Wycierała właśnie blaty gdy ujrzała siedzącego samotnie przy barze Olivera. Musiała przyznać sama przed sobą, że ten widok ją szokował. W końcu jak taki chłopak jak on, nie ma przy sobie żadnej panny lub nie podrywa kogoś. Położyła szmatkę do zlewu, umyła ręce i ruszyła w stronę szatyna.
-Jak taki chłopak jak ty może siedzieć tutaj samotnie gdy jego przyjaciel bawi się w najlepsze?-Uśmiechnęła się do niego i oparła się łokciami o ladę.
-Widocznie można.- odwzajemnił uśmiech po czym upił ostatni łyk piwa.
-Jak mam być szczera, będąc na twoim miejscu robiła bym to samo. Tańczenie i wyrywanie chłopaków zostawiam Loren, ona wręcz to uwielbia.
-Jeszcze jakiś czas temu pewnie to samo bym robił. Ale teraz znudziło mi się, albo po prostu wyrosłem z tego.
-Nie wiem jaki byłeś, ale myślę, że opcja druga jest najlepszym wyjaśnieniem.-Chwyciła jego pusty pokal i położyła koło tacy z brudnymi naczyniami.- Chcesz jeszcze jedno? Na mój koszt w ramach przeprosin za tamtą sytuacje.
-Podziękuję, ale nie skorzystam. Ale za to jest inna możliwość przeprosin.
-Jaka?
-Dasz się odprowadzić do domu? Jeśli się zgodzisz przeprosiny zostaną przyjęte.
-Przyjechałam tutaj samochodem więc jest mały problem.
-To w takim razie chociaż do samochodu. - Spojrzał na nią, jego delikatny uśmiech wciąż nie znikał z twarzy. -Więc jak?
-Zgoda, tylko nie wiem kiedy skończę.
-Tym się nie martw poczekam, mam czas. A patrząc na nich zaraz będą szli, dużo im nie trzeba.
-Mam taką nadzieje, jestem już strasznie zmęczona.
***
Oliver miał racje, po godzinie nikogo już nie było. Ich przyjaciele pożegnali się po czym pojechali taksówką nie mówiąc dokąd.

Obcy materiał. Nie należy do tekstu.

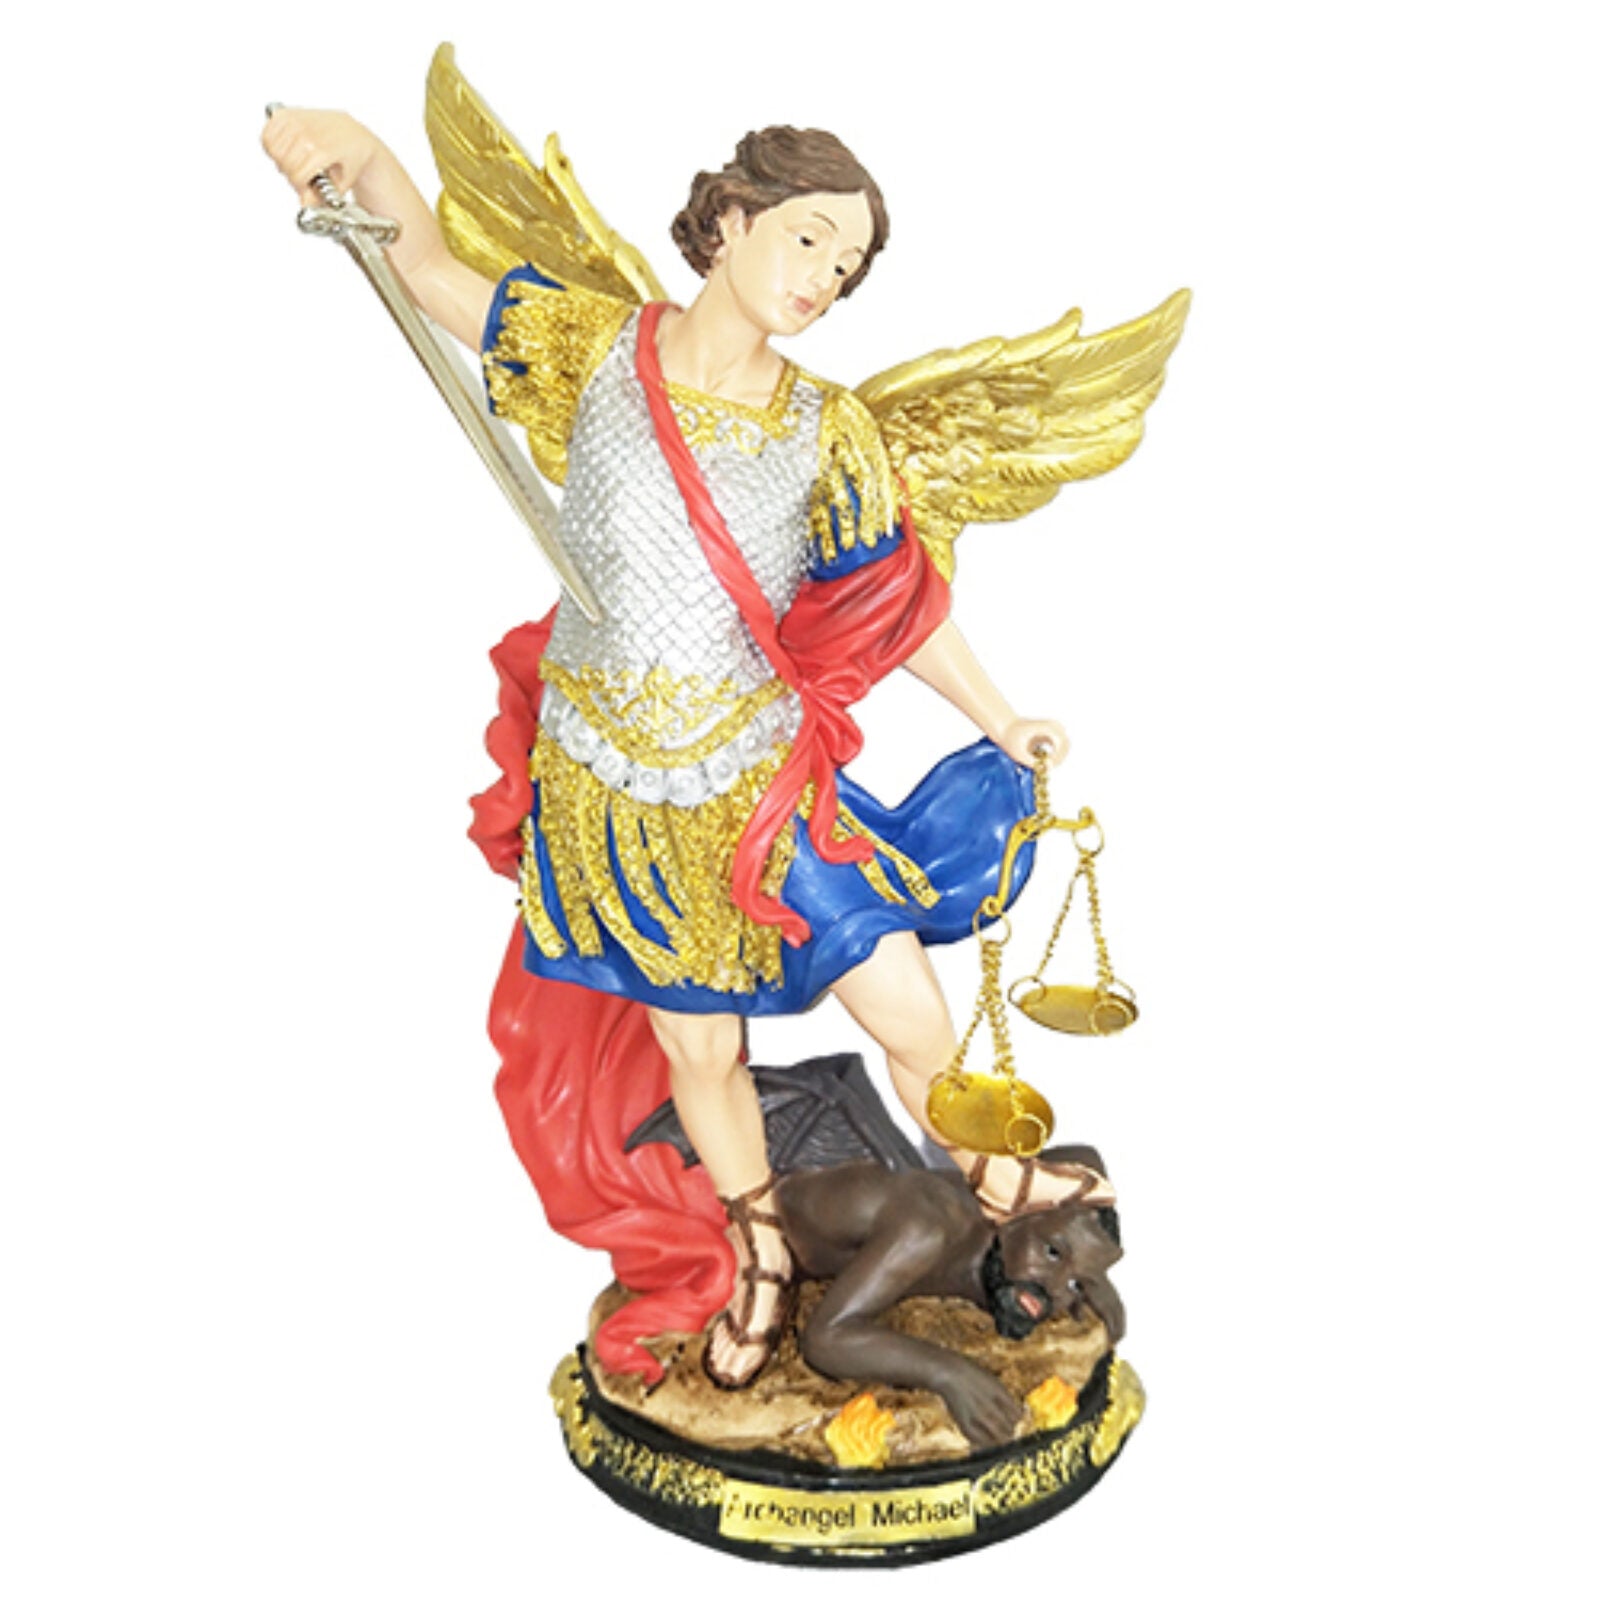 Saint Michael (San Miguel) Statue 12"

Czekał właśnie przed wejście na Jessice, gdy w końcu ta wyszła zakluczając lokal.
-To jak gotowa odbyć niedługi spacer do twojego samochodu?
-Zdecydowanie.
Ruszyli wolnym krokiem w stronę jej auta. Ukradkiem zerkali na siebie i wzajemnie uśmiechali.
-Mogę zadać Ci pytanie?
-Pewnie.
-Co robiłeś w NY?
-Mój brat studiuje tam medycynę więc zaprosił mnie do siebie na tydzień. Nie zastanawiałem się długo i już na następny dzień byłem u niego. Wróciłem dopiero w niedziele wieczorem. A ty?- spojrzał na nią.
-Ja byłam u rodziców. Mamie bardzo zależało na tym, w sumie tak samo jaki mi. Ale miałam okazję spędzić tam tylko weekend i wróciłam dzisiaj po południu.
-Czyli ta mała dziewczynka, z którą byłaś w miasteczku to była twoja?
-Cami, moja sześcioletnia siostra. Obiecałam jej, że pójdziemy na plac a wyszło tak, że zabrałam ją tam.
-Chciałbym mieć dobry kontakt z moim młodszym rodzeństwem, niestety są strasznie rozpieszczeni przez rodziców i zabranie ich gdziekolwiek przyniosło by tylko wstyd.
-Oj to tylko dzieci, one zawsze muszą postawić na swoim.
Nagle zorientowali się, że stoją przy samochodzie.
-No więc jesteśmy. Dziękuję za odprowadzenie mnie do samochodu.
-To ja dziękuję za spacer. Mam nadzieje, że wkrótce spotkamy się jeszcze.
-Mam nadzieje.- Uśmiechnęła się i spojrzała mu w oczy.- Jeszcze raz dziękuję i do zobaczenia.
-Do zobaczenia i dobrej nocy Jessico.
Stała jeszcze chwile po czym wsiadła do samochodu, odpaliła silnik i ruszyła. Na pożegnanie pomachała mu jeszcze. Oliver stał i patrzał jak światła samochodu oddalają się a po chwili znikają za rogiem.
***
Bardzo dobry rozdział :) Szkoda, że taki krótki :D
OdpowiedzUsuńKurde... a byłam pewna, że pomiędzy Oliverem a Jessicą coś się wydarzy xd
A tu tak po prostu pojechała ;c
No nic, do następnego :*
among-the-people.blogspot.com
bardzo fajne piszesz opowiadanie :)
OdpowiedzUsuńBTW: poleciłabym powiększyć czcionkę ;)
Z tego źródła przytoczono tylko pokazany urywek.